Normally, one would run kraken2 on both R1 and R2 FASTQ files together using kraken2’s --paired option. However, sometimes this is not possible, and kraken2 must be run on each of the R1 and R2 files separately. This can happen for example, if the R1 and R2 files were generated using genocat --fastq (see: Converting SAM/BAM to FASTQ) which might result in the reads in R1 and R2 files being in a different order, if the SAM/BAM file is sorted instead of collated.

To handle this, we prepare a concatenated kraken.genozip file, from the output of kraken2 on both FASTQs:

genozip myfile-R1.kraken myfile-R2.kraken --output mykrakendata.kraken
The following logic applies with filtering a file with a kraken.genozip consisting of two components:

• Filtering with --taxid taxid will include the line if either component classifies this line as taxid.

• Filtering with --taxid ^taxid will include the line if neither of component classifies this line as taxid.

• For the purposes of +0, a line is considered unclassified if both components list it as unclassified.

Note: The R1 and R2 files must contain exactly the same reads (QNAMEs) - its ok if they are in a different order

Kraken data containing reads with /1 and /2

genozip --kraken and genocat --kraken and can handle kraken data containing reads with /1 or /2, similar the way two components are handled, as described above.

This can happen, for example, when feeding kraken2 with an interleaved FASTQ file rather than two separate FASTQ files.

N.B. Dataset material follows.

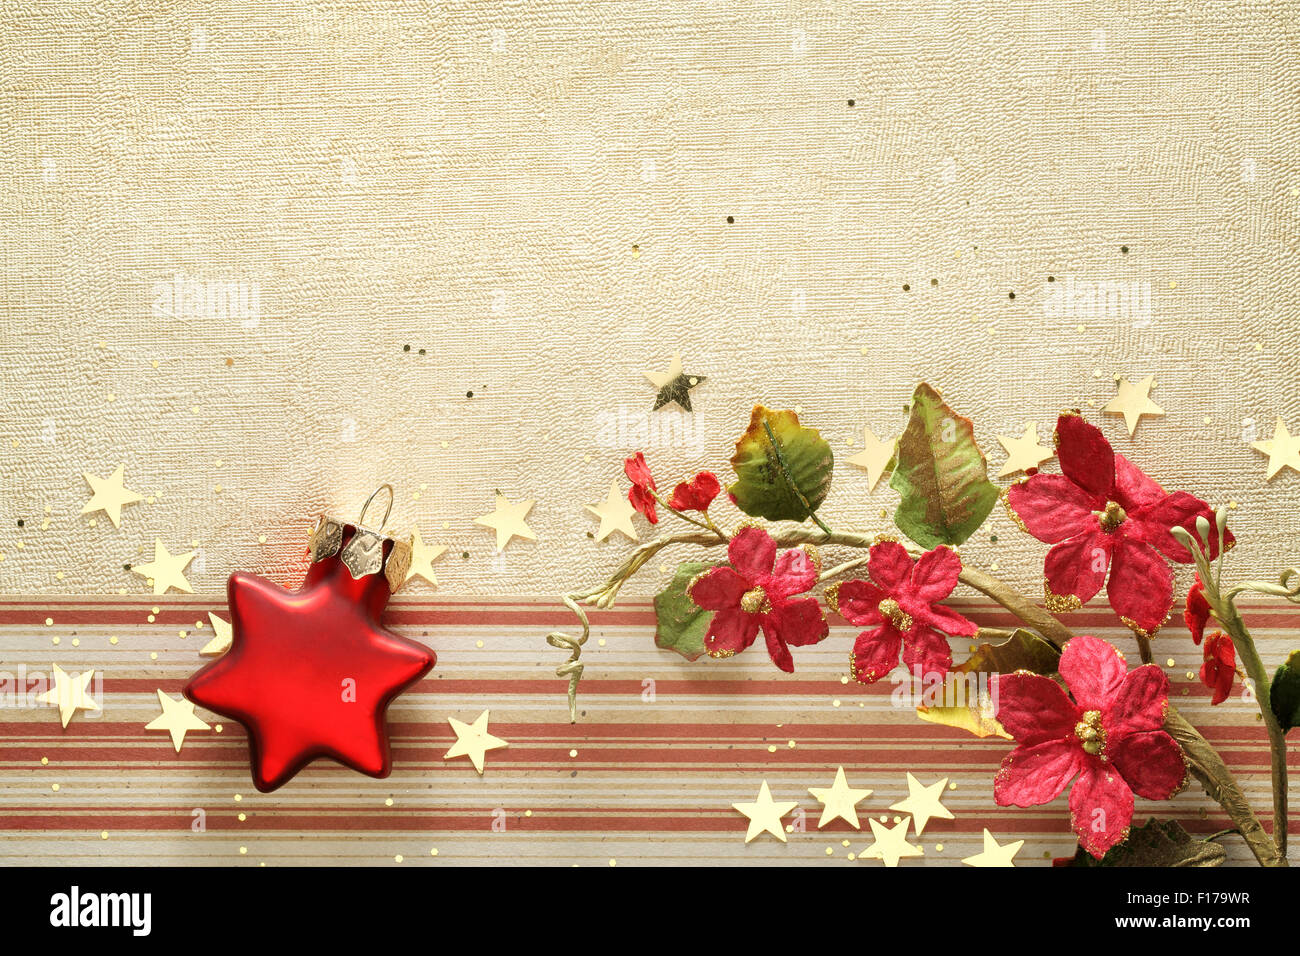 Weihnachts-Dekorationen auf goldenem Hintergrund Stockfoto

Note: Genozip requires that if the kraken file has a read name with /1, then it must also contain the corresponding read name with /2 and vice versa - their order is not important and they needn’t be consecutive.

Assumptions

genocat --taxid makes the assumption that all read names (QNAMEs in SAM terminology) that appear in the viewed file also appear (possibly with a /1 or /2 suffix) in the kraken data. If a read name appears in the viewed file, but is absent from the kraken data, its line will be silently assigned the most common taxid according to the kraken data.

It is ok if the kraken data contains additional read names not present in the viewed file.